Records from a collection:
═══

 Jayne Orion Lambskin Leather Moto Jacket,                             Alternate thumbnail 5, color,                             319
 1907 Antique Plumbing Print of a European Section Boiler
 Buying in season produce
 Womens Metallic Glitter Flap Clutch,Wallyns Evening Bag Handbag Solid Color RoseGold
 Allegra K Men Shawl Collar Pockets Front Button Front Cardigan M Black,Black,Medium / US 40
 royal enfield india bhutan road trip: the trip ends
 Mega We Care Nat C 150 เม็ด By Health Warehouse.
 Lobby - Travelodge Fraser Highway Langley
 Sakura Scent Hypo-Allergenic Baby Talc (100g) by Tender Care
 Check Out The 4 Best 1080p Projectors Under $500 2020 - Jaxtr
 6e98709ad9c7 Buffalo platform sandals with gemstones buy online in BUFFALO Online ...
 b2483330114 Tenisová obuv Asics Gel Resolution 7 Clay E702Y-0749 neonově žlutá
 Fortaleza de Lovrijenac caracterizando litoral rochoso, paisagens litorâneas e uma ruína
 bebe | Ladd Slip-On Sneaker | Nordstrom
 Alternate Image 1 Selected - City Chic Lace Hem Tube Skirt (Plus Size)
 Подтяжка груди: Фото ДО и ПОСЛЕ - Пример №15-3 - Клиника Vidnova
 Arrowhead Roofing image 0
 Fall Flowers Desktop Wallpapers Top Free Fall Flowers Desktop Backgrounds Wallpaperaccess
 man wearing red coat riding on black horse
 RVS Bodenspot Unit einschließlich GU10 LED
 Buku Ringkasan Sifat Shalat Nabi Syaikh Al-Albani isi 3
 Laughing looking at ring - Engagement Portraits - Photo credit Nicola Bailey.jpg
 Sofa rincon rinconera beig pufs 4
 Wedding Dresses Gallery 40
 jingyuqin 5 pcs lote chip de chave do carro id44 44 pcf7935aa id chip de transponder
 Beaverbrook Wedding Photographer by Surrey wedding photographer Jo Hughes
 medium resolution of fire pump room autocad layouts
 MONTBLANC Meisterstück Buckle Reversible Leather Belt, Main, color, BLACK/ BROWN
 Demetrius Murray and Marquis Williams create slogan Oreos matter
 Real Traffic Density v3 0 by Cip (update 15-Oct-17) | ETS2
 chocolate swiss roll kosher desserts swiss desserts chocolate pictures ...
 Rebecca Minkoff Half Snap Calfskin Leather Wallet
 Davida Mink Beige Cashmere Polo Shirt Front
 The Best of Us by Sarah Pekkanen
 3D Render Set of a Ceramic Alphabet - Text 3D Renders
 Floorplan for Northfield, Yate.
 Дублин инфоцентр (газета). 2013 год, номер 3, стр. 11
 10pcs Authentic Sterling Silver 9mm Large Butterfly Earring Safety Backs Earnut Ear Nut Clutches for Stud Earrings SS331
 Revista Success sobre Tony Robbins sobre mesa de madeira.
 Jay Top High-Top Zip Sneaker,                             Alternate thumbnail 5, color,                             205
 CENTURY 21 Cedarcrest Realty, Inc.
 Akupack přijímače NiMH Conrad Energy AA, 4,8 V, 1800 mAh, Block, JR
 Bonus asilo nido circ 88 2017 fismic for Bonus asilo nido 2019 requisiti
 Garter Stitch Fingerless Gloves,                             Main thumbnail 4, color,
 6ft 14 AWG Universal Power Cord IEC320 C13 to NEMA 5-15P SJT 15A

═══

#### Task to carry out
When the line with "Fortaleza de Lovrijenac" is reached in the data above, begin copying, and stop after the line with "Arrowhead Roofing image 0"; copy each line exactly, both ends included.

#### Response area
 Fortaleza de Lovrijenac caracterizando litoral rochoso, paisagens litorâneas e uma ruína
 bebe | Ladd Slip-On Sneaker | Nordstrom
 Alternate Image 1 Selected - City Chic Lace Hem Tube Skirt (Plus Size)
 Подтяжка груди: Фото ДО и ПОСЛЕ - Пример №15-3 - Клиника Vidnova
 Arrowhead Roofing image 0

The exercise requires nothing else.